START Data segment

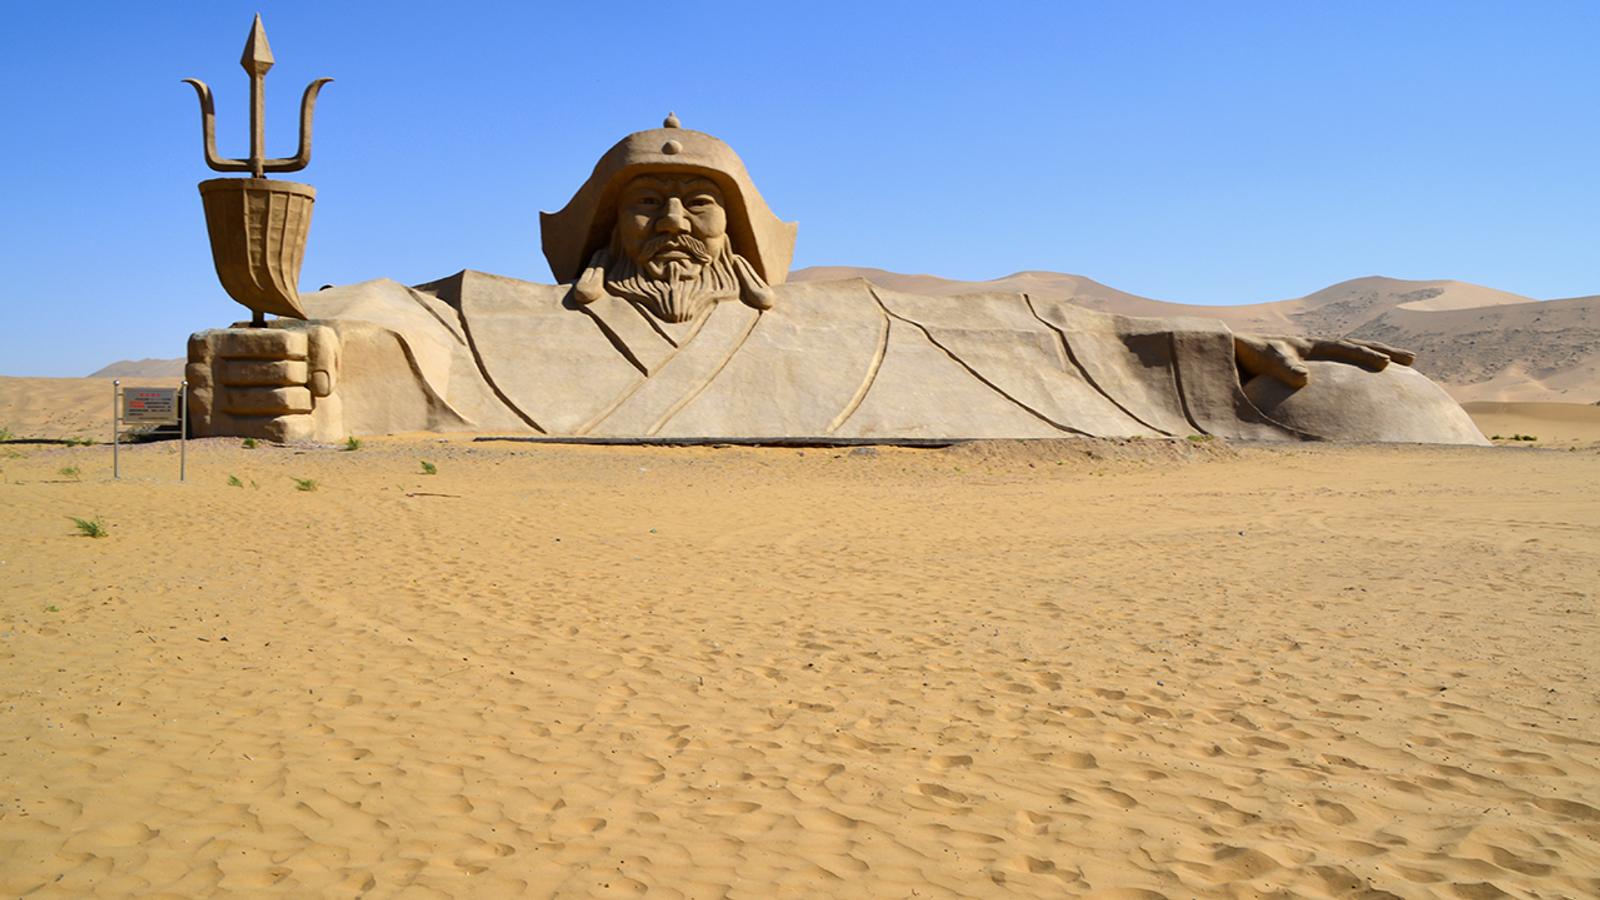 La statue de Gengis Khan, au cœurdu désert de Badain Jaran.
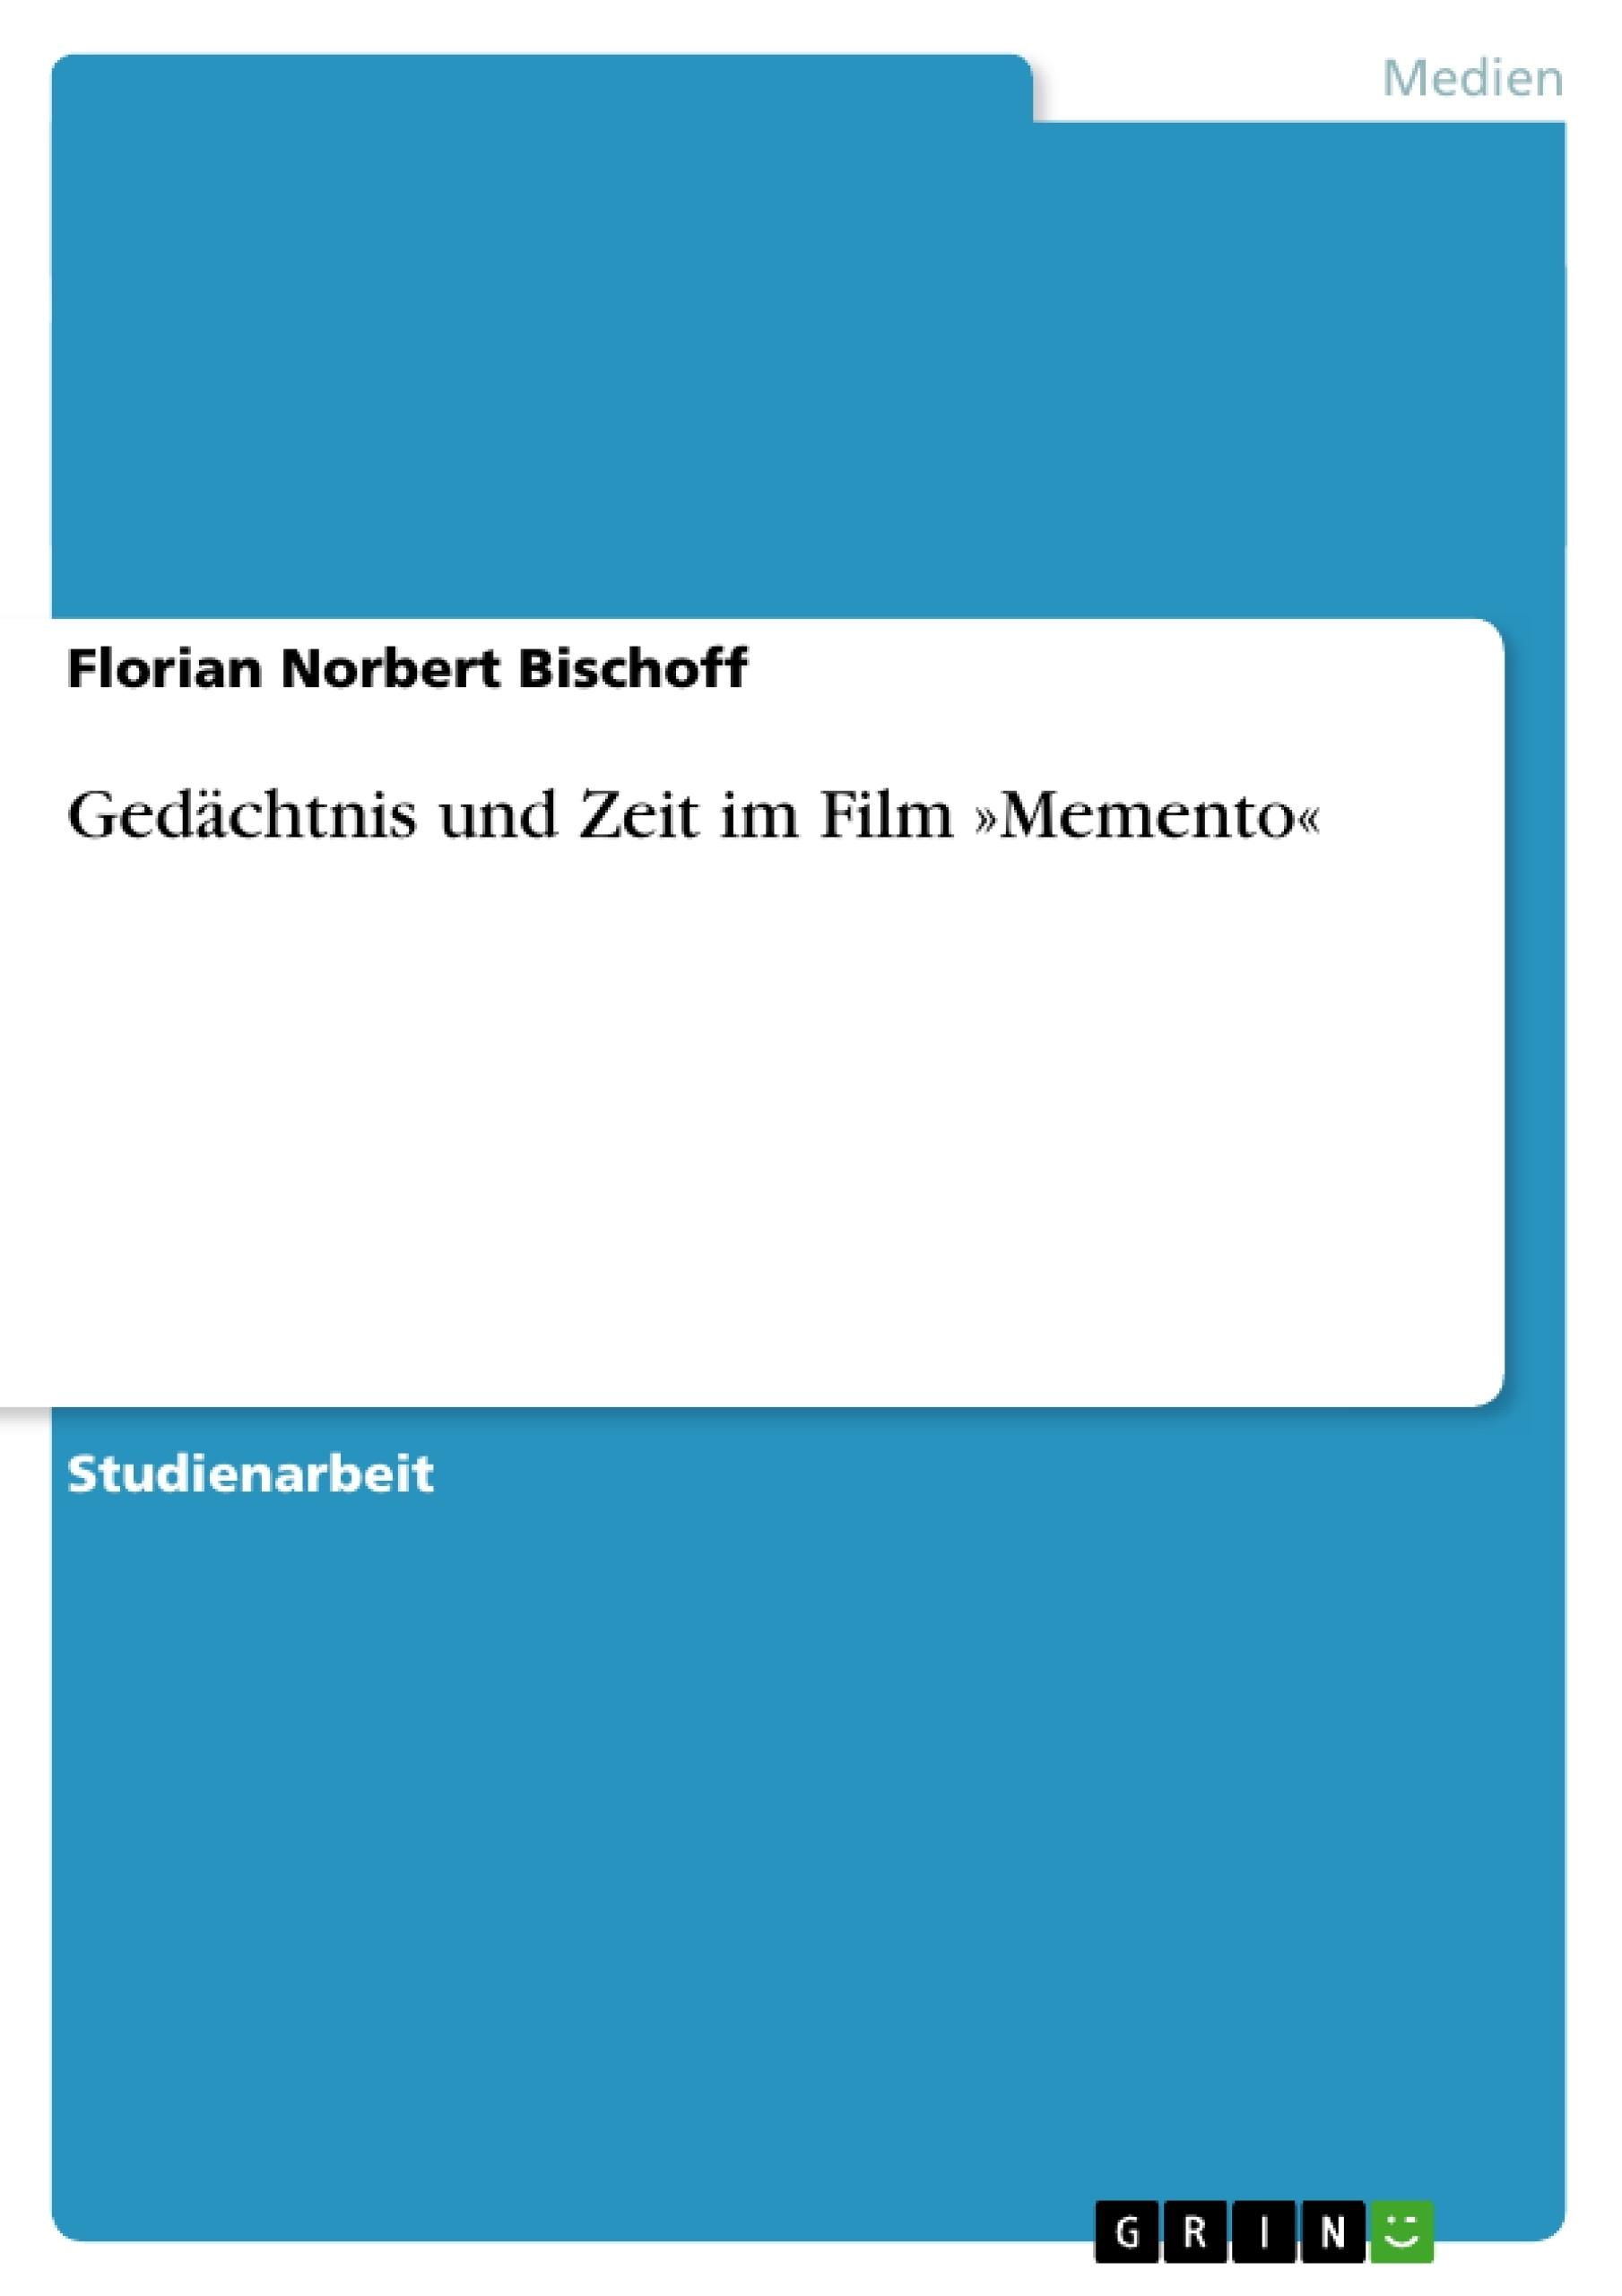 Titel: Gedächtnis und Zeit im Film »Memento«
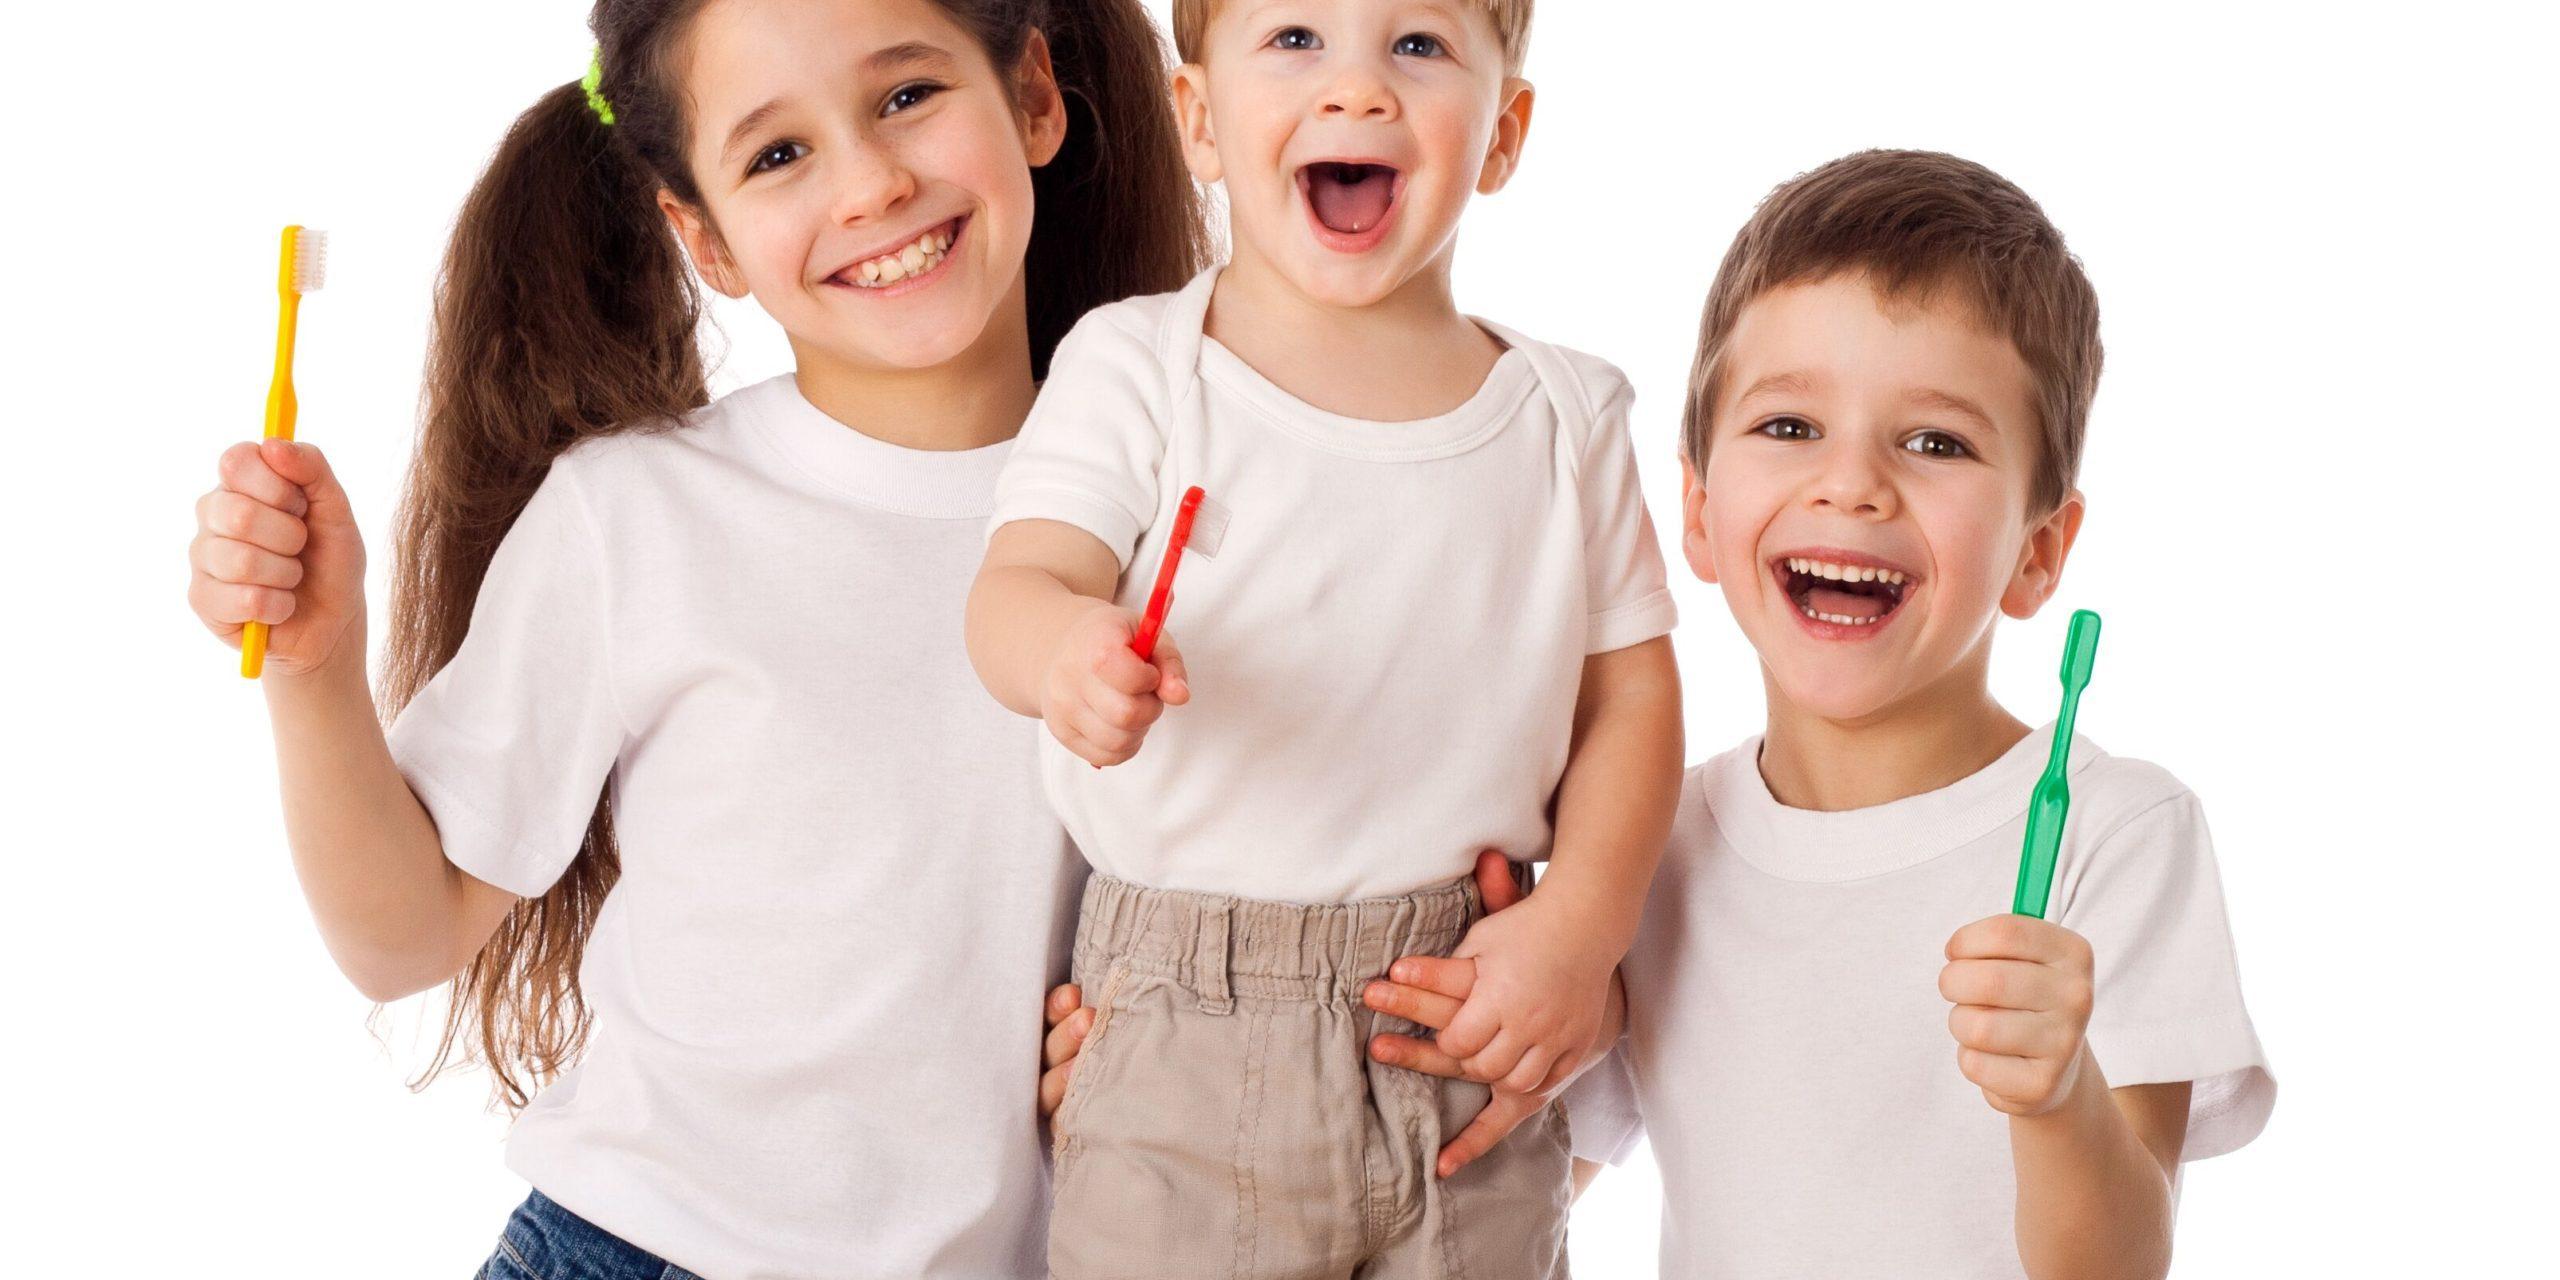 Çocukların Ağız ve Diş Bakımı İçin Yapılması Gerekenler

END Data segment

Problem to work on. Word for word, give again the lines from the line holding "Titel: Gedächtnis und" through the last line of the material, both included; pictures are not part of the copy.

Response to the exercise.
 Titel: Gedächtnis und Zeit im Film »Memento«
 Çocukların Ağız ve Diş Bakımı İçin Yapılması Gerekenler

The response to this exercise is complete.